Kamaruddin juga mengungkap, program tersebut diajukan oleh kelompok kepada BRA, yang selanjutnya BRA mengajukan ke TAPA, kemudian masuk ke dalam DIPA.
“Kemudian itu masuk ke E-Katalog, disana ada perusahaan, itu nanti akan diuji lebih lanjut perusahaan siapa, seperti apa, akan diuji seperti apa, tapi yang pasti ini oleh Jaksa dianggap bermasalah,” katanya.
Kamaruddin sendiri merasakan adanya keanehan dan kejanggalan dalam penegakan hukum terhadap kasus dugaan korupsi dana hibah untuk masyarakat korban konflik Aceh tersebut.

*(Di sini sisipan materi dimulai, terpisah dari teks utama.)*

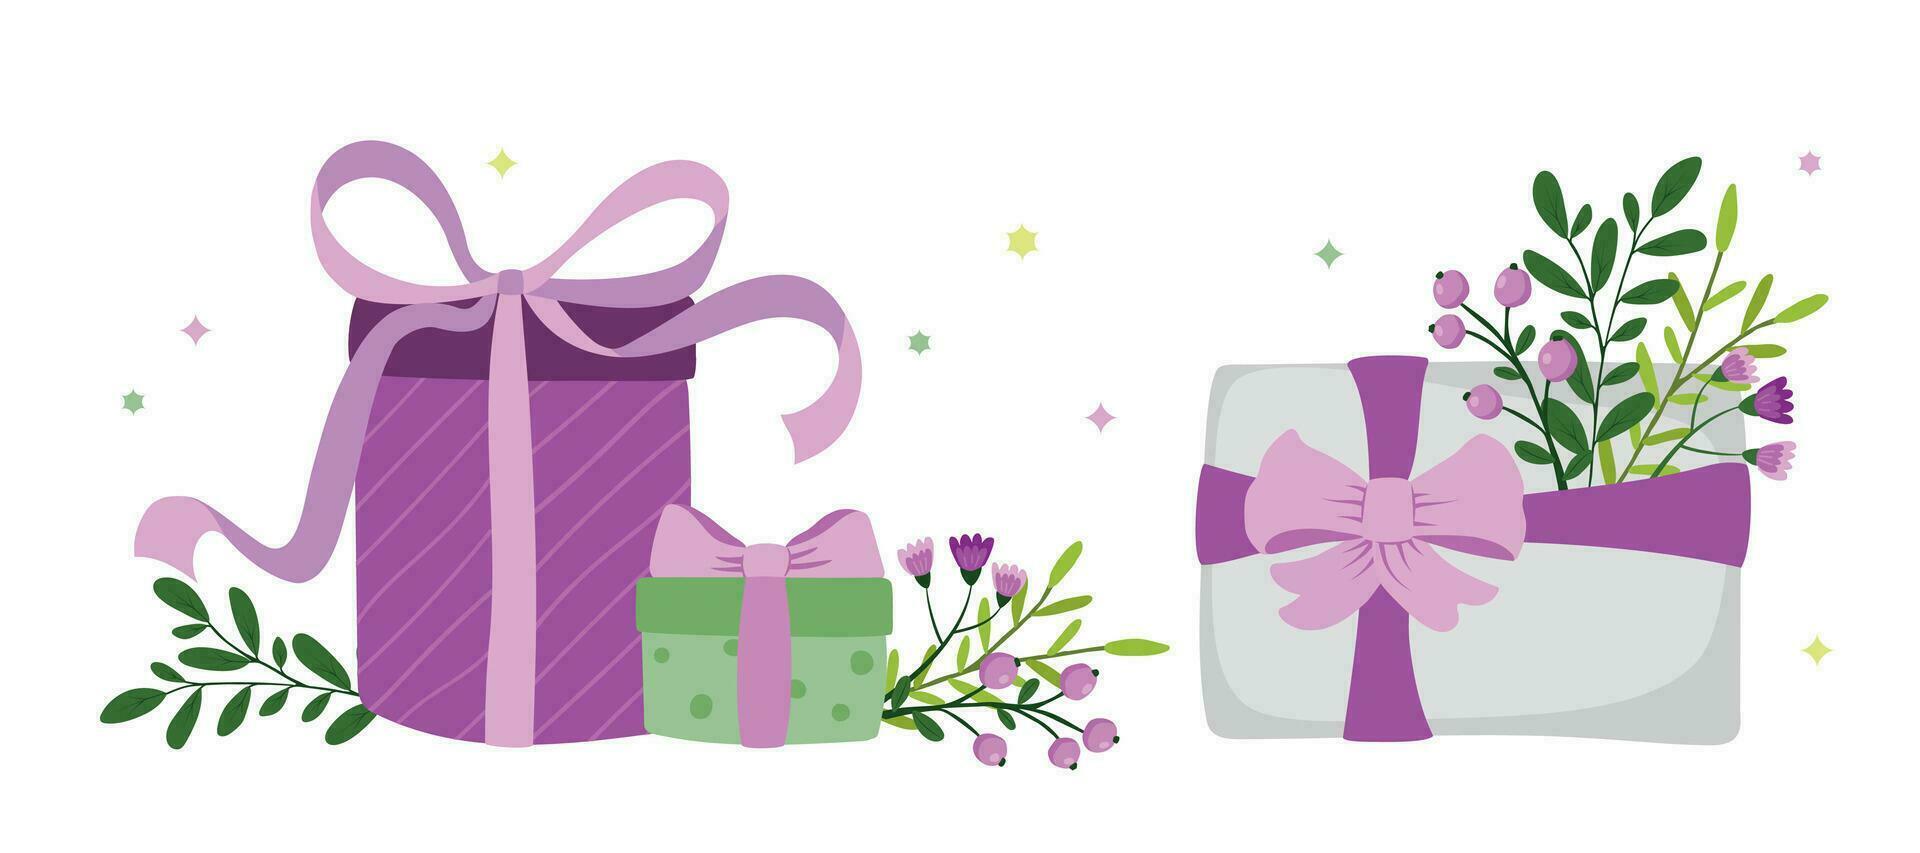 conjunto regalo cajas con flor ramos de flores mano dibujado. vector decorativo elementos para el diseño de impreso productos y textiles.

“Anehnya, pemilik perusahaan itu tidak ditetapkan sebagai tersangka, yang ditetapkan tersangka Ketua BRA, PPTK, PA, kemudian koordinator, dari perusahaan tidak ada, ini aneh juga kasus ini, kenapa dari perusahaan kok nggak ditetapkan sebagai tersangka,” jelasnya.
Namun demikian, Kamaruddin mengatakan tidak tertutup kemungkinan nantinya majelis hakim PN Tipikor Banda Aceh akan menetapkan tersangka baru, dan akan ditindaklanjuti oleh jaksa. “kita tunggu saja,” tambahnya.

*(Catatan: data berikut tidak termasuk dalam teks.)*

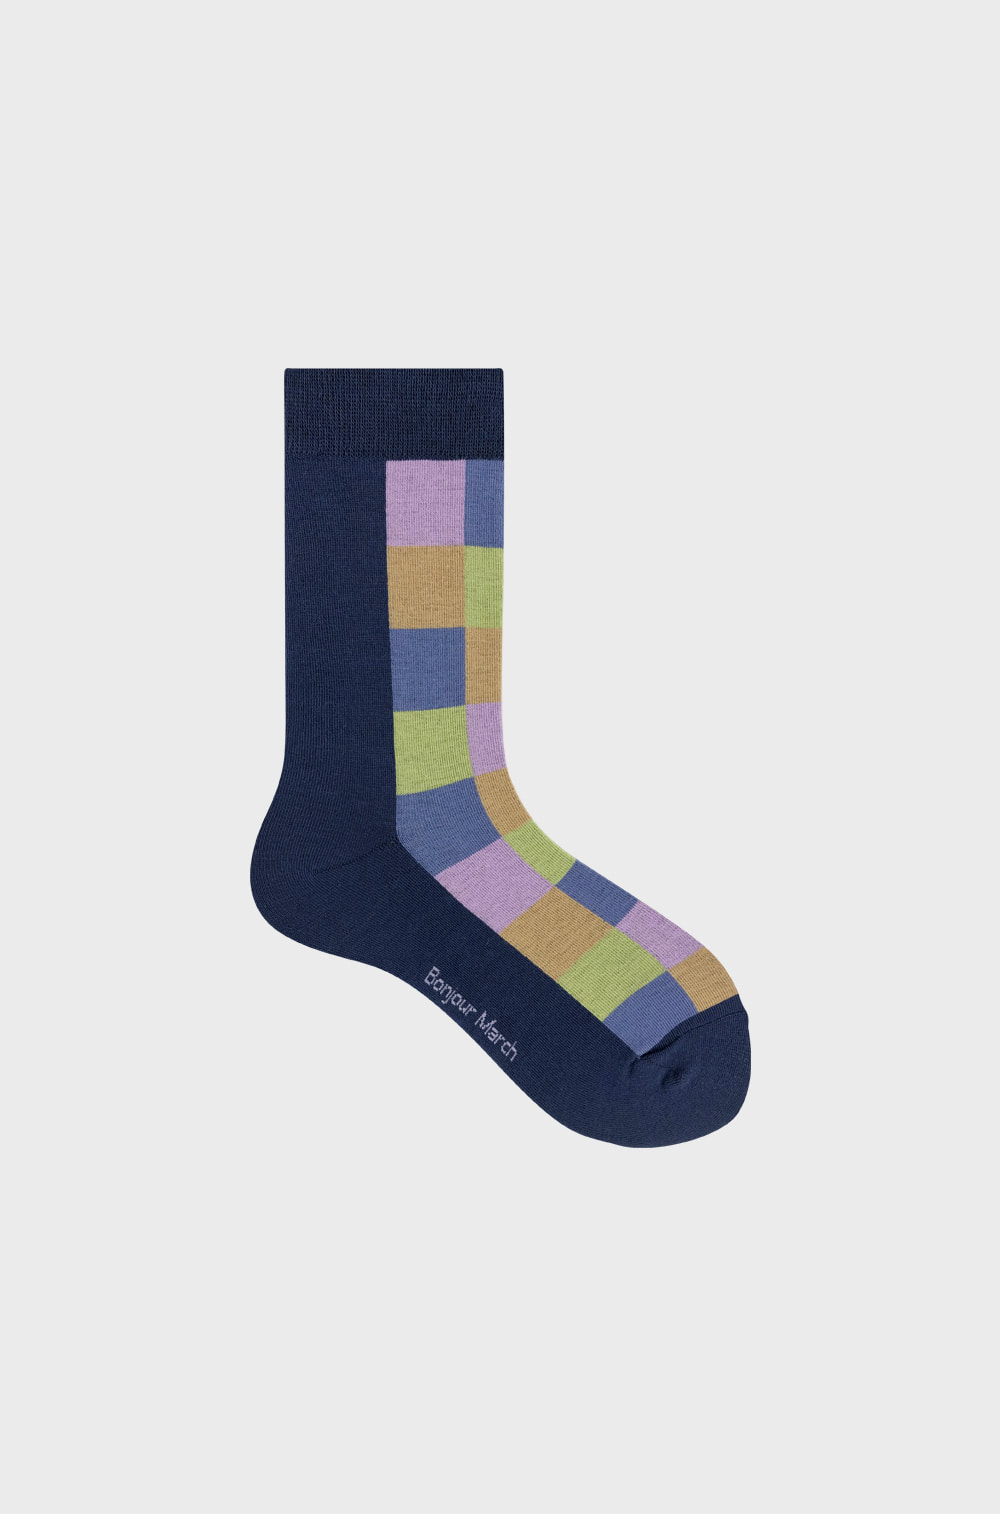 Square socks_navy

Nah, terkait apakah para pemilik perusahaan tersebut sudah diperiksa atau belum oleh jaksa, Kamaruddin mengaku belum mengetahui. Jika belum diperiksa, ia pun mengaku tidak tahu alasan jaksa tidak memeriksa para pemilik perusahaan.
“Jadi, tadi diucapkan oleh saksi bahwa ini ada Pokir dari anggota DPRA, jadi bisa jadi nanti majelis hakim akan memanggil anggota DPRA untuk menanyai ini, kita lihat saja nanti,” ucapnya.
Kamaruddin berharap kasus tersebut bisa terungkap semuanya secara terang benderang. “Kalau kita ingin terungkap semuanya lebih baik, lebih adil, memberi rasa keadilan kepada terdakwa lainnya, juga memberikan keadilan bagi masyarakat korban konflik,” imbuhnya.
Untuk saat ini, kata Kamaruddin, pihaknya menilai majelis hakim telah memeriksa dengan baik dan memimpin sidang dengan sangat objektif. “Tinggal sekarang bagaimana mengejar kalau memang ada pelaku lain, ya kita lihat proses peradilannya nanti,” pungkasnya.
Menurut informasi yang diterima media ini, dana hibah pengadaan bibit ikan kakap dan pakan runcah tersebut Rp 15,7 Miliar, yang dikerjakan oleh lima perusahaan. Lima perusahaan rekanan tersebut yaitu CV Juang Karya, CV Globalindo Mandiri Jaya, CV Semangat Baru Qaleesa, CV Alam Raya Perkasa, dan CV Meuseuraya.
Adapun masyarakat yang disebut menerima hibah tersebut ada 9 kelompok, yaitu Kelompok Bintang Timur, Doa Ibu, Kakumat Su, Makmur Beusare, Raja Meujulang, Cabang Utama, Gudang Meuh, Jasa Rakan Mandum, dan Kelompok Sobat Nelayan.
Adapun enam orang yang telah ditetapkan sebagai tersangka dalam kasus tersebut yaitu, Suhendri, selaku Ketua BRA; Zulfikar, disebut sebagai Penghubung Ketua BRA; Muhammad, selaku Pejabat Pelaksana Teknis Kegiatan (PPTK); Mahdi, selaku Kuasa Pengguna Anggaran (KPA); Zamzami selaku Peminjam Perusahaan untuk pelaksanaan kegiatan tersebut, dan Hamdani selaku Penghubung rekanan Penyedia.
Sementara itu, belum ada tanggapan dari pihak Kejati Aceh apakah anggota DPRA dimaksud dan para pemilik perusahaan tersebut sudah diperiksa atau belum, atau apakah akan ada calon tersangka baru.
Kepala Seksi Penerangan Hukum (Kasi Penkum) Kejati Aceh, Ali Rasab Lubis mengatakan akan menanyakan terlebih dulu hal tersebut kepada Jaksa Penuntut Umum (JPU) yang menangani langsung kasus tersebut.